The prize is clear-cut: a $10 million cash award for the first team to develop a device that can sequence 100 diploid human genomes in 10 days for $1 million. At present, the bar for data quality is set very high: Sequence data submitted must cover 98 percent of each genome with no more than one error per every 10,000 base pairs.
“The bioinformatics of assembling 100 different genomes is certainly a gargantuan task by today’s standards. We are setting the bar far beyond today’s capabilities.”
In addition, the sequences must contain all insertions and deletions, rearrangements, copy number polymorphisms, complete genotyping, and correctly ordered and orientated sequences. Sequence segments must have a minimum length that is still being worked out.
Teams must also produce and assemble the data within 10 days, for $10,000 or less per genome, including all direct operating costs like reagents, labor, and power.
Those standards seem tough, but some researchers are pleased with the challenge.
“It is particularly gratifying to see that an endpoint of real sequence data of whole genomes has been chosen,” Richard Gibbs, director of the Human Genome Sequencing Center at Baylor College of Medicine, told GenomeWeb News in an e-mail message last week. “History is littered with DNA sequencing technologies that seem OK on paper or in prototype and gave encouraging results in pilots — but completely failed for practical reasons when applied to real problems.”
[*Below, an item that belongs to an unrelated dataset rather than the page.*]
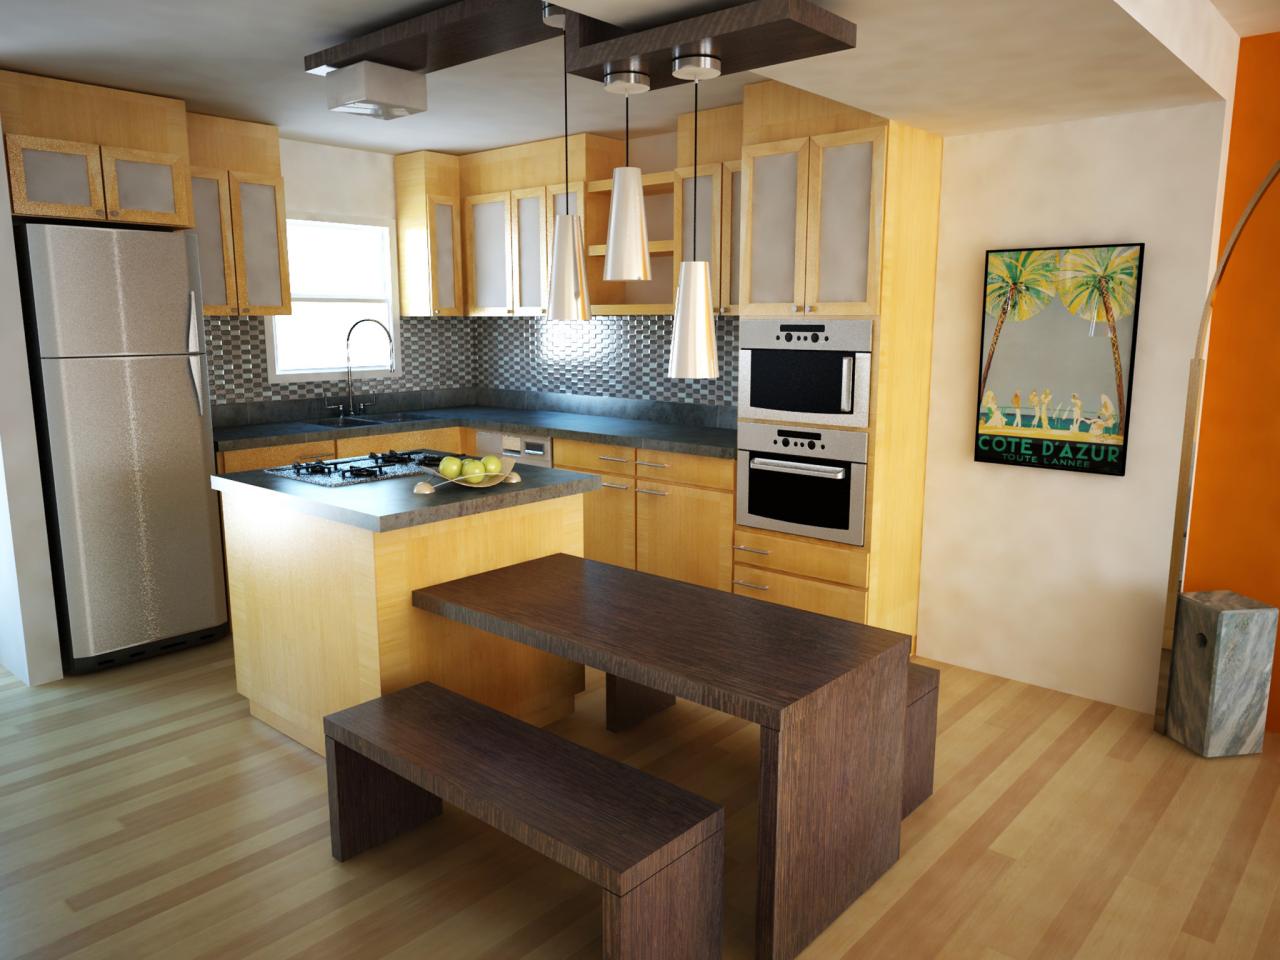 Small Kitchen Layouts Pictures Ideas Tips From Hgtv Hgtv in Small Kitchen Layout Designs

What might turn out to be the most daunting task is assembling the genome data within the 10-day timeframe. “That might be a harder problem by itself than generating 100 genomes of raw data for $10K each in 10 days,” Chad Nusbaum, co-director of the genome sequencing and analysis program at the Broad Institute, told GenomeWeb News by e-mail last week.
After creating the data, researchers would need to assemble them within a couple of days or so to the specified standards. “This I can’t imagine,” Nusbaum wrote.
“The bioinformatics of assembling 100 different genomes is certainly a gargantuan task by today’s standards,” Kedes said in an e-mail message. “We are setting the bar far beyond today’s capabilities.”
Another question nagging researchers is how the X Prize Foundation plans to determine which team got the right answers, or to verify the accuracy of their data. “This is an important component,” Gibbs pointed out.
According to Kedes, the X Prize judges “will use a number of methods to develop sufficient prior knowledge of each of the test genomes.” He did not reveal what these methods will be, but the guidelines said they will be “including direct sequencing from each of the 100 test genomes.”
But not even the currently available human genome might fully live up to the X Prize’s requirements, cautioned Kevin McKernan, senior director of scientific operations at Applied Biosystems’ high-throughput discovery unit.
Deanna Church, a staff scientist at the National Center for Biotechnology Information, agreed, telling GenomeWeb News by e-mail that while the current reference genome meets the standards for coverage and accuracy, it “does not represent all of the large scale variations” like copy number polymorphisms and indels. At present, “it is difficult to quantitate how much [of these] is missing because we don’t know how much is there,” she added.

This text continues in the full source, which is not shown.